Specifically, they discovered that “the positive regulation of NF-kappaB transcription factor activity may be one of the most important GO functions in the mechanism of MG.”

NF-kappaB is a family of proteins termed transcription factors, which work as positive switchers of gene activity. They are critical regulators of many biological functions, including immune and inflammatory responses. They are persistently active in diseases such as arthritis, chronic inflammation and neurodegenerative diseases.

Next, researchers built a drug-GO function network to weigh the relationships between a list of existing drugs, whose targets are known, and the biological functions associated with MG.

They used this network to screen for drugs with strong associations with MG risk that could, therefore, represent potential candidates for treating the condition.

Five candidate drugs were identified — glucosamine, apremilast (brand name Otezla), adalimumab (brand name Humira), and etanercept (brand names Enbrel, Erelzi, Brenzys) and polaprezinc.

Two of them, adalimumab and etanercept, have already been investigated to treat MG; these and apremilast are FDA-approved to treat many inflammatory conditions including arthritis. Glucosamine is a naturally occurring sugar protein involved in the formation of cartilage. It has been used to relieve joint pain, swelling, and stiffness caused by arthritis. Polaprezinc is a compound that increases the levels of various antioxidant enzymes. It is approved in Japan for treating stomach ulcers.

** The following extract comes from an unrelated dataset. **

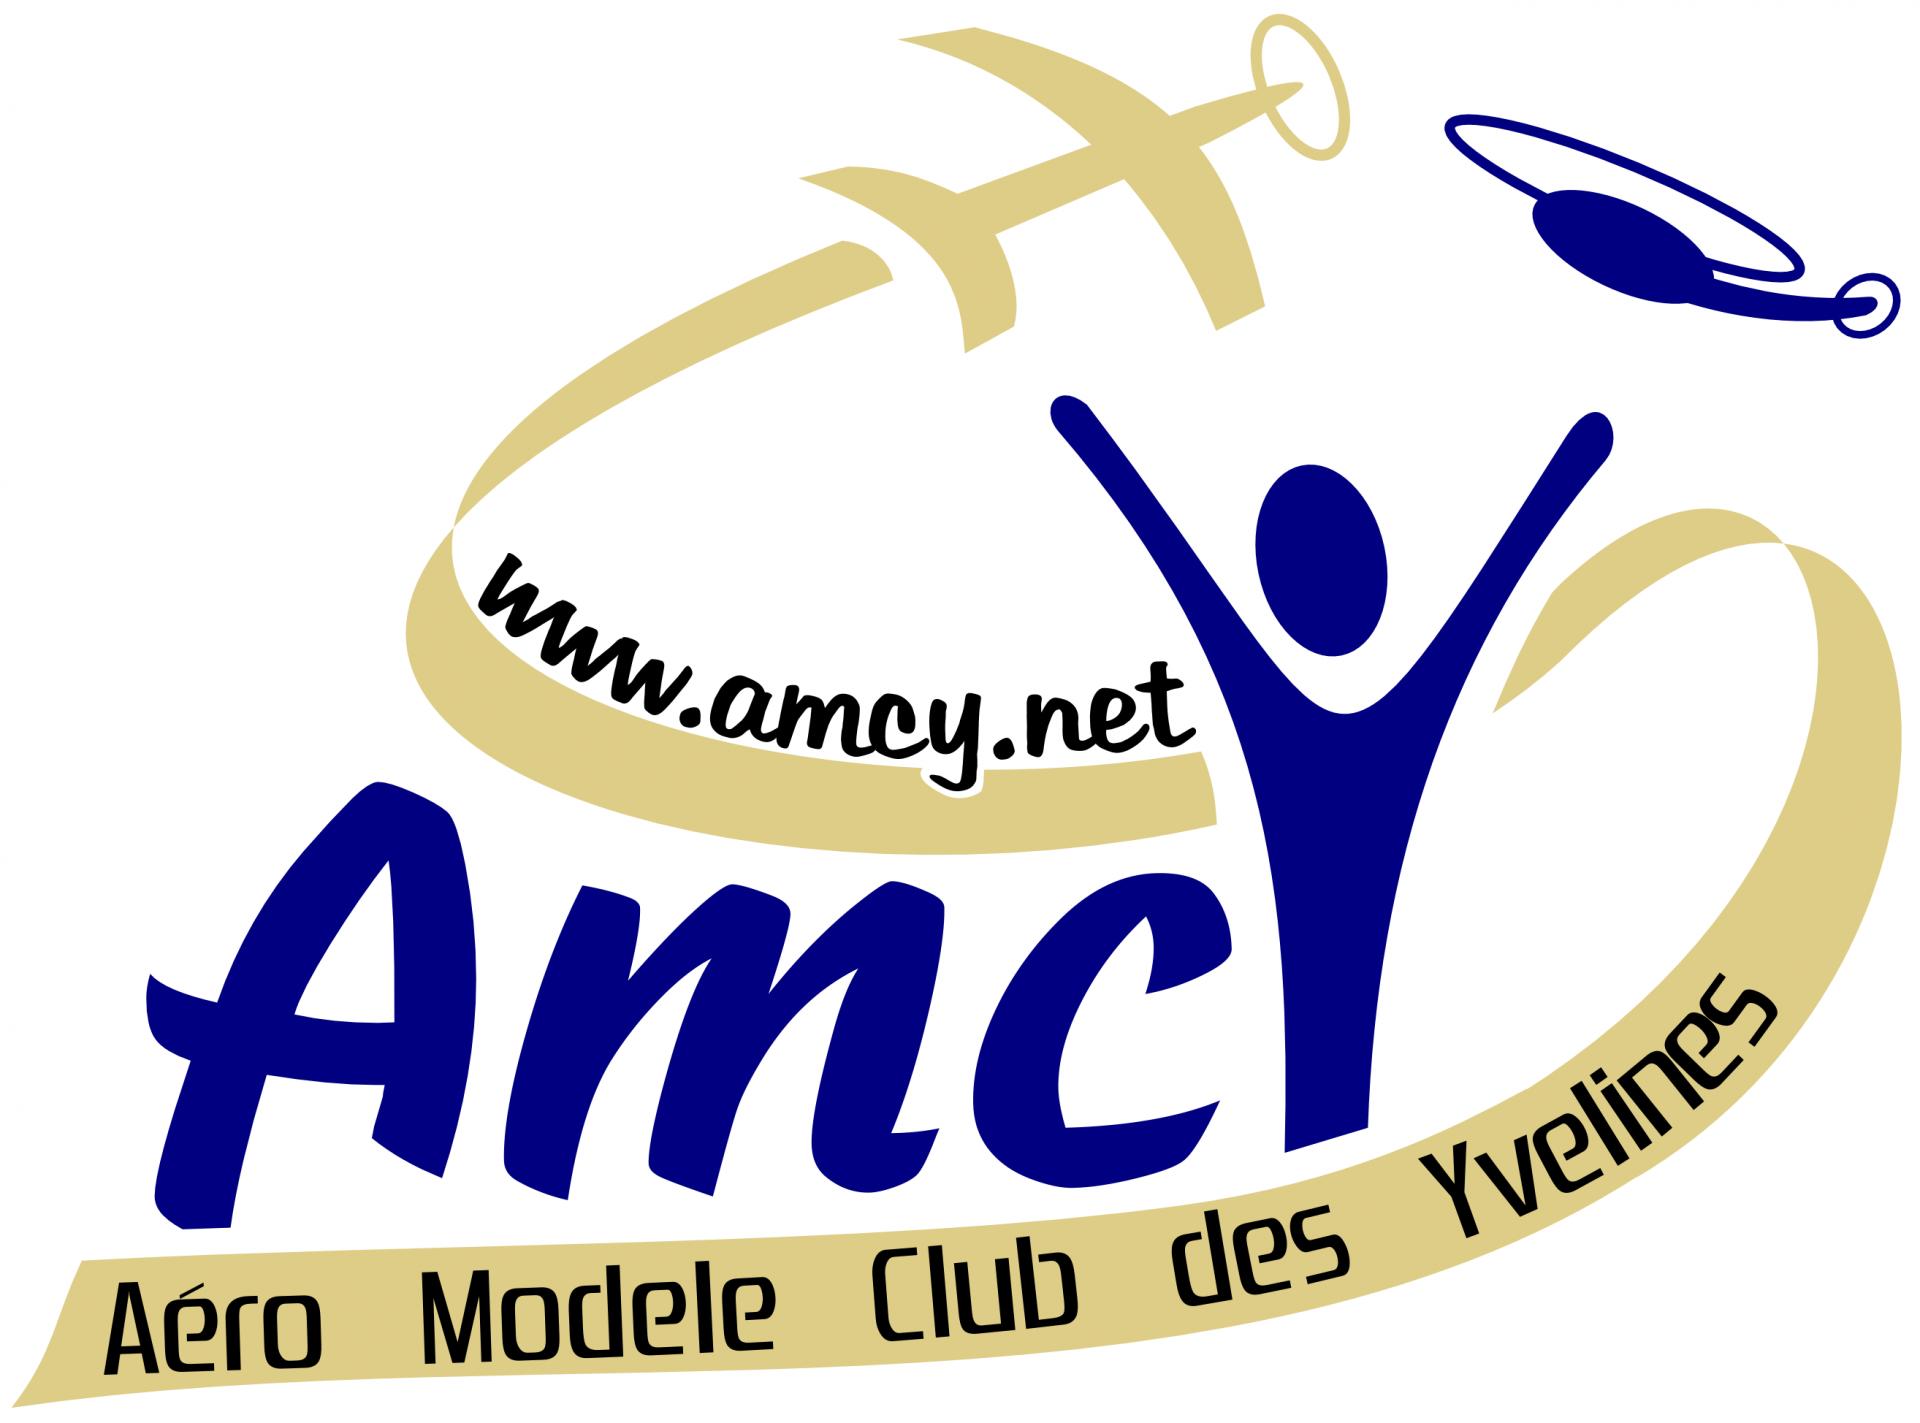 Logo amcy diversity fond blanc

Based on the common links between candidate drugs and the GO functions affected by them, researchers predict that the identified compounds may target MG via two main pathways: graft-versus-host disease (GVHD), a complication where bone marrow or stem cell transplants begin attacking the host body, and type I diabetes.

These two pathways can involve self-reacting immune responses. In fact, myasthenic symptoms are frequently associated with other symptoms of chronic GVHD, and MG has been reported as a rare complication of GVHD after stem cell transplants. Moreover, type 1 diabetes increases the risk for other autoimmune diseases and is related to a genetic risk for these diseases.

“In conclusion, we compiled a catalog of MG risk genes and identified risk GO functions, drugs and risk pathways,” researchers said. “We also investigated the complex connection among MG risk genes, drugs, and GO functions by constructing a [drug-GO function network] and we identified five candidate drugs.” 

The study, they say, will “reveal a new perspective on the mechanisms and novel treatment strategies of MG” as well as “provide strong support for research on GO functions.”